Use What You Already Know
If you have been abused by an intimate partner, you probably know more about safety planning and risk assessment than you might think. Being in a relationship with an abusive partner – and surviving – takes a lot of skill and resourcefulness. Any time you do or say something as a way to protect yourself and/or your children, you are “safety planning.” “Risk assessment” is when you decide if taking a specific action will make things better or worse. You do it all the time, without even thinking about it.
Think It Through
Now that you know more about what safety planning is, it can be really helpful to assess risks and make safety plans by thinking through all the issues. There are certain things that are helpful to consider when planning for your future safety:
- Staying with your partner.
- Ending your relationship.
- Using services.
- Involving the police.
Safety Planning for Every Situation
Safety plans can be made for a variety of different situations:
- For dealing with an emergency, such as when you are threatened with physical violence or abuse has occurred.
- For continuing to live with or to date a partner who has been abusive.
- For protecting yourself after you have ended a relationship with an abusive partner.

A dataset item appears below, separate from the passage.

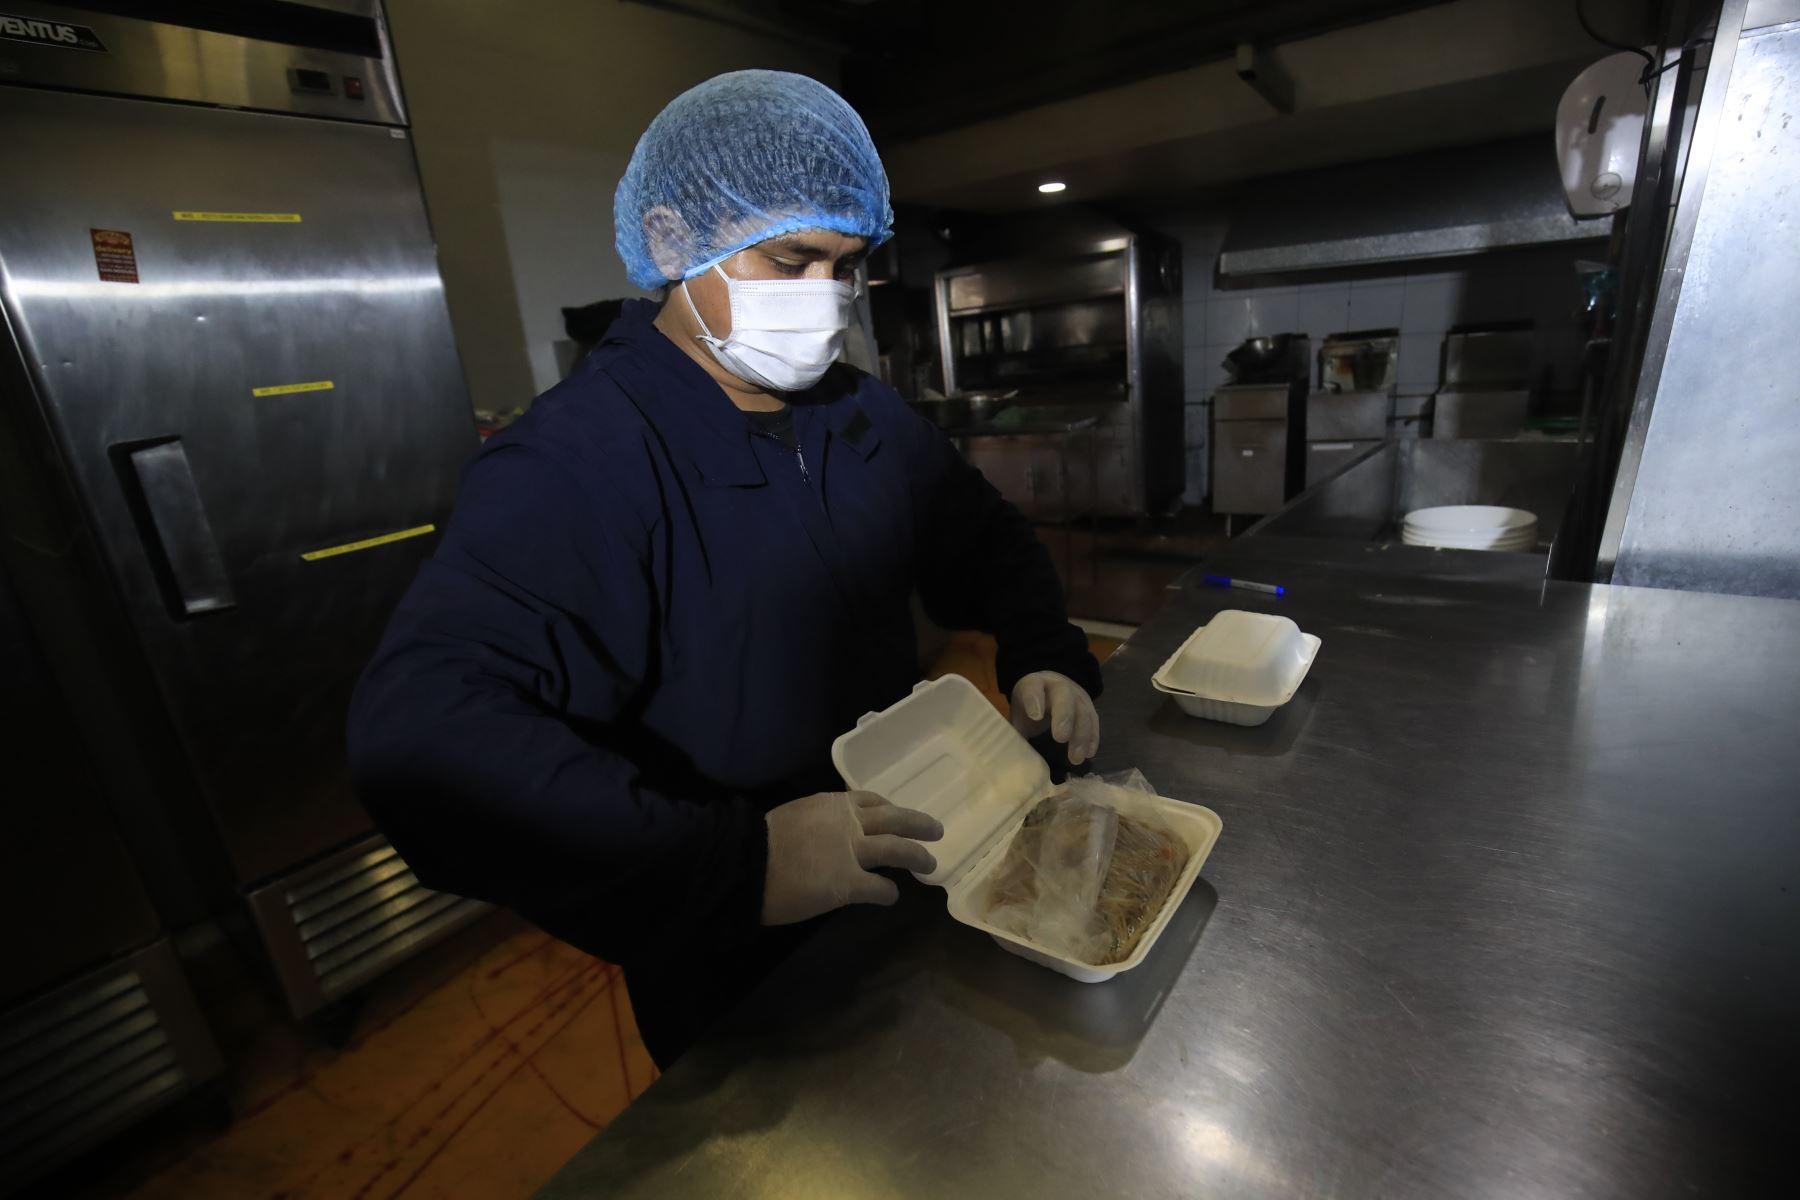 """Restaurant pollería """" Hikari """"  reanuda sus actividades económicas, cuidando los protocolos   sanitarios,  en el marco de la implementación de la fase 3 mediante el Decreto Supremo 117-2020-PCM  promulgada  para combatir el covid – 19. Foto: ANDINA/Juan Carlos Guzmán"""

If you are planning to leave your partner or have already left, be aware that abusers are often more violent during times of separation. This couldincrease your risk for harm, including stalking and serious or life-threatening injury. Making a separation safety plan can help reduce the risks to you and your children during and after a separation.
Identify Your Options
The value of any safety plan depends on coming up with options that make sense to you and that you can use. This publication will provide information on the help available from local domestic violence programs and the criminal justice system. But just as important is the help and information you may get from other places, including your own family and social supports. Some of the people and places where you might find support include:
- counselor, social worker, therapist;
- doctor, dentist, nurse;
- friend, family, neighbor;
- a spiritual leader or member of your faith community;
- employee assistance program (EAP), supervisor, union, co-worker;
- staff member at women’s centers or senior centers;
- teacher, school counselor, parent teacher association member; and/or
- department of social services caseworker.
The important thing is for you to identify all the possible people who might be willing and able to help you. You don’t have to wait for an emergency to ask for help. It’s a good idea to talk to people and find out what they’re willing and able to do for you. That way, you’ll know in advance if you have a place to stay, where to go for help with money, or a safe person who can keep copies of important papers for you.
If it is safe for you to do so, you may want to make a list with their phone numbers so that you’ll have it in case of an emergency. If you don’t know where to go in your community, you can call the NYS Domestic and Sexual Violence Hotline for information about a program in your community.Most people really do want to help.
The more specific you can be, the more likely it is that you’ll get the help you need. Sometimes the people you trust may mean well and offer you suggestions that don’t seem right to you. You will have to decide if this information is best for you. It’s your call.